Hereditary Multiple Exostosis (HME), also known as Multiple Hereditary Exostoses, is a rare, inherited genetic disorder characterized by the formation of multiple bony outgrowths called osteochondromas/juxtacortical chondromas. These growths typically develop near the growing ends of the long bones, such as the arms and legs, and can also affect the flat bones of the chest and pelvis.

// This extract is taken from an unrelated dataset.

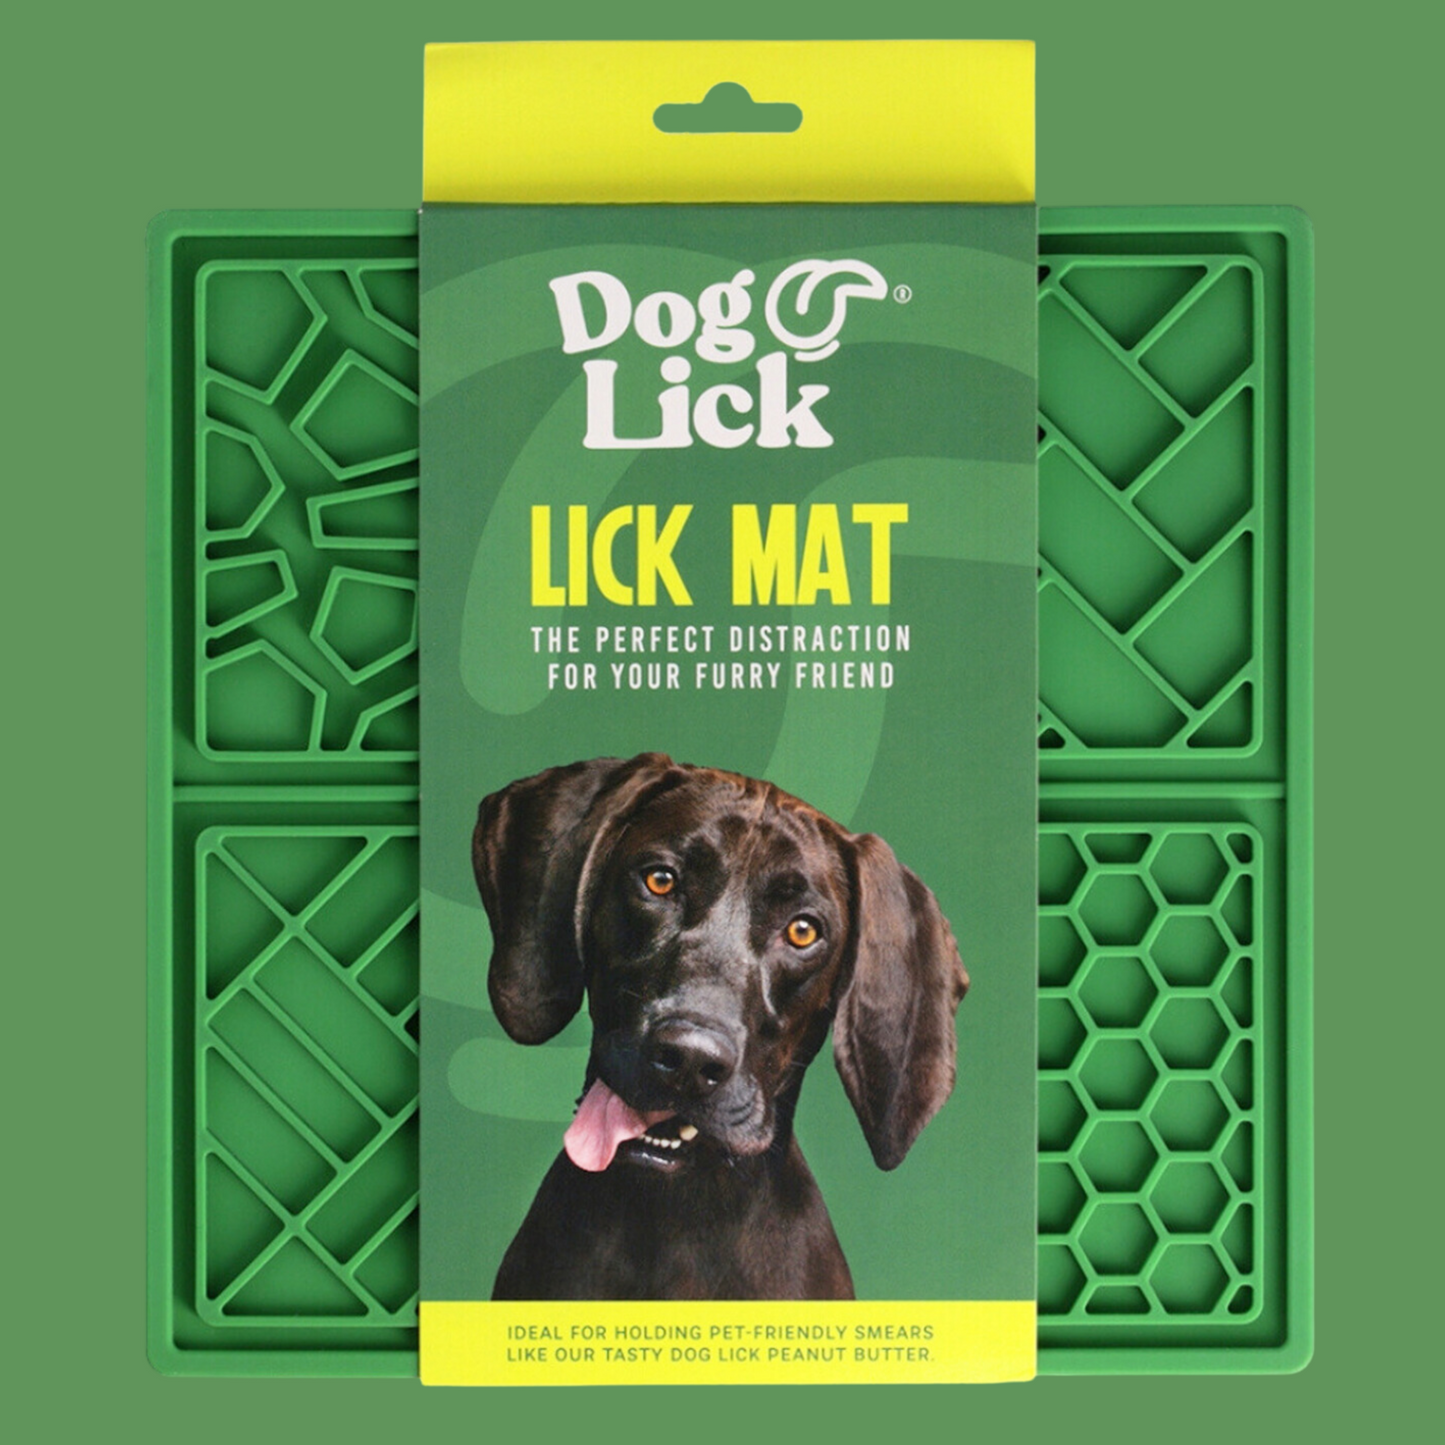 Dog Lick: Lick Mat

The primary cause of the condition is a genetic mutation that leads to abnormal growth plate development. As a result, the bones grow in an irregular manner, forming these benign bone tumors. HME is typically inherited in an autosomal dominant pattern, which means that an affected individual has a 50% chance of passing the mutation to their offspring.
Individuals with HME may exhibit various symptoms, including skeletal deformities, short stature, unequal limb lengths, joint pain, discomfort or restricted movements, and nerve compression due to the tumors. The severity and range of symptoms can differ among affected individuals, even within the same family.
While there is currently no cure for HME, treatment options aim to manage its symptoms and complications. Regular monitoring, surgical interventions to remove symptomatic osteochondromas, physical therapy, and orthopedic devices may be recommended to improve the quality of life by relieving pain, improving range of motion, and mitigating the risk of complications such as fractures or nerve compression.
Overall, Hereditary Multiple Exostosis is a rare genetic disorder characterized by the formation of multiple benign bone tumors that can lead to skeletal deformities and various complications.